Posted on 17 November 201627 August 2024 by Martin Schrimpf

I am a tenure-track assistant professor at the EPFL Neuro-X institute where I head the NeuroAI Lab; with appointments at the School of Life Sciences, and the School of Computer and Communication Sciences.
My research focuses on a computational understanding of the neural mechanisms underlying natural intelligence in vision and language. To achieve this goal, I bridge Deep Learning, Neuroscience, and Cognitive Science, building artificial neural network models that match the brain’s neural representations in their internal processing and are aligned to human behavior in their outputs.
I completed my PhD at the MIT Brain and Cognitive Sciences department with Jim DiCarlo, following Bachelor’s and Master’s degrees in computer science at TUM, LMU, and UNA. Previous work includes research in human-like vision at Harvard, natural language processing + reinforcement learning at Salesforce, as well as other projects in industry. I love translating discoveries into applications and have founded — and worked in — several startups. My work has been recognized in the news at Science magazine, MIT News, and Scientific American.

The LLM Language Network

Posted on 6 January 2025 by Martin Schrimpf

Can neuroscience localizers uncover brain-like functional specializations in LLMs? Yes! We analyzed 18 LLMs and found units mirroring the brain’s language, theory of mind, and multiple demand networks!

[preprint] [Social Media]

Scaling Laws for Task-Optimized Models of the Primate Visual Ventral Stream

Posted on 6 January 2025 by Martin Schrimpf

For a while, gains in AI have translated into gains in modeling the brain. We test if that will continue to be the case with recent advances in scaling. Surprisingly we get mixed results: while increased scale advances model alignment to behavior, neural alignment saturates.

[preprint] [social media]

Topographic model of language processing in the brain

Posted on 28 October 2024 by Martin Schrimpf

Functional responses in the brain to linguistic inputs are spatially organized — but why? We show that a simple smoothness loss added to language model training explains a range of topographic phenomena in neuroscience: arxiv.org/abs/2410.11516, Twitter Thread.
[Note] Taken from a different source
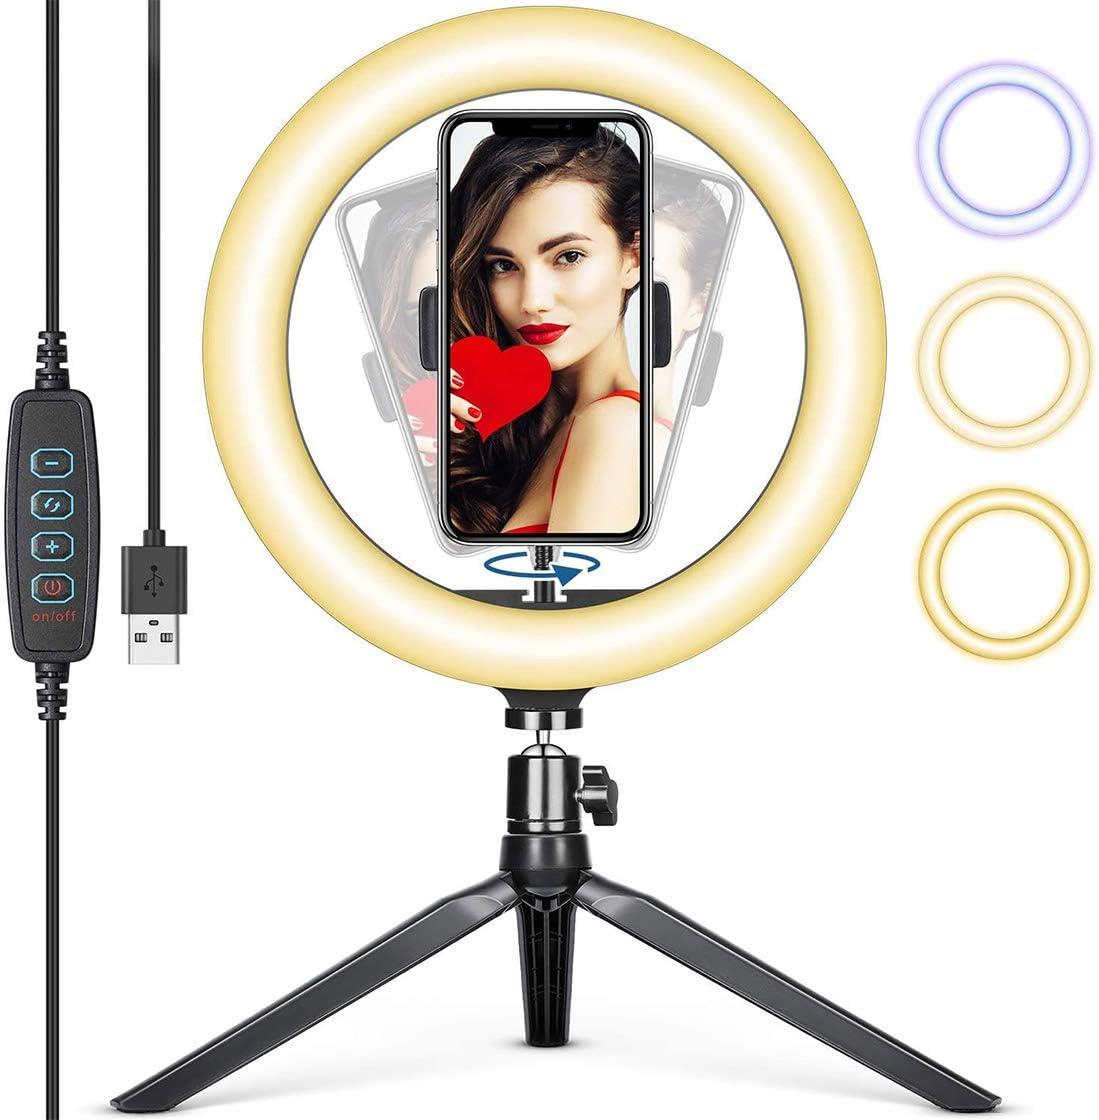 Tr/ípode con Soporte Giratorio de tel/éfono para Selfie TIK Tok Live Maquillaje 10.2 Aro de Luz fotografia de Escritorio 3 Colores y 10 Brillos Regulables Youtube Ventdest Luz de Anillo LED

New paper: a simple untrained model of language in the brain

Posted on 25 June 20245 July 2024 by Martin Schrimpf

In 2021 we were surprised to find that untrained language models are already decent predictors of activity in the human language system (http://doi.org/10.1073/pnas.2105646118). Badr Alkhamissi in the lab figured out the core components underlying the alignment of untrained models: tokenization and aggregation. With these findings, we built a simple untrained network “SUMA” with state-of-the-art alignment to brain and behavioral data — this feature encoder provides representations that are then useful for efficient language modeling. Directly mapping our model onto the brain, these results characterize the human language system as a generic feature encoder that aggregates incoming sensory representations for downstream use. If you disagree we hope you consider breaking our model (soon on Brain-Score/Github).

See here for social media posts:
https://x.com/bkhmsi/status/1805595986510717136
https://x.com/martin_schrimpf/status/1805599047098470793
https://x.com/GretaTuckute/status/1805676221189308491
https://x.com/ABosselut/status/1805600725537370119

5 abstracts accepted to CCN

Posted on 13 May 20249 July 2024 by Martin Schrimpf

My group will present 5 abstracts at the Cognitive Computational Neuroscience conference at MIT in Boston this fall! The projects cover new models of vision and language, new ways to evaluate these models on their brain alignment, and ideas to make use of the best models.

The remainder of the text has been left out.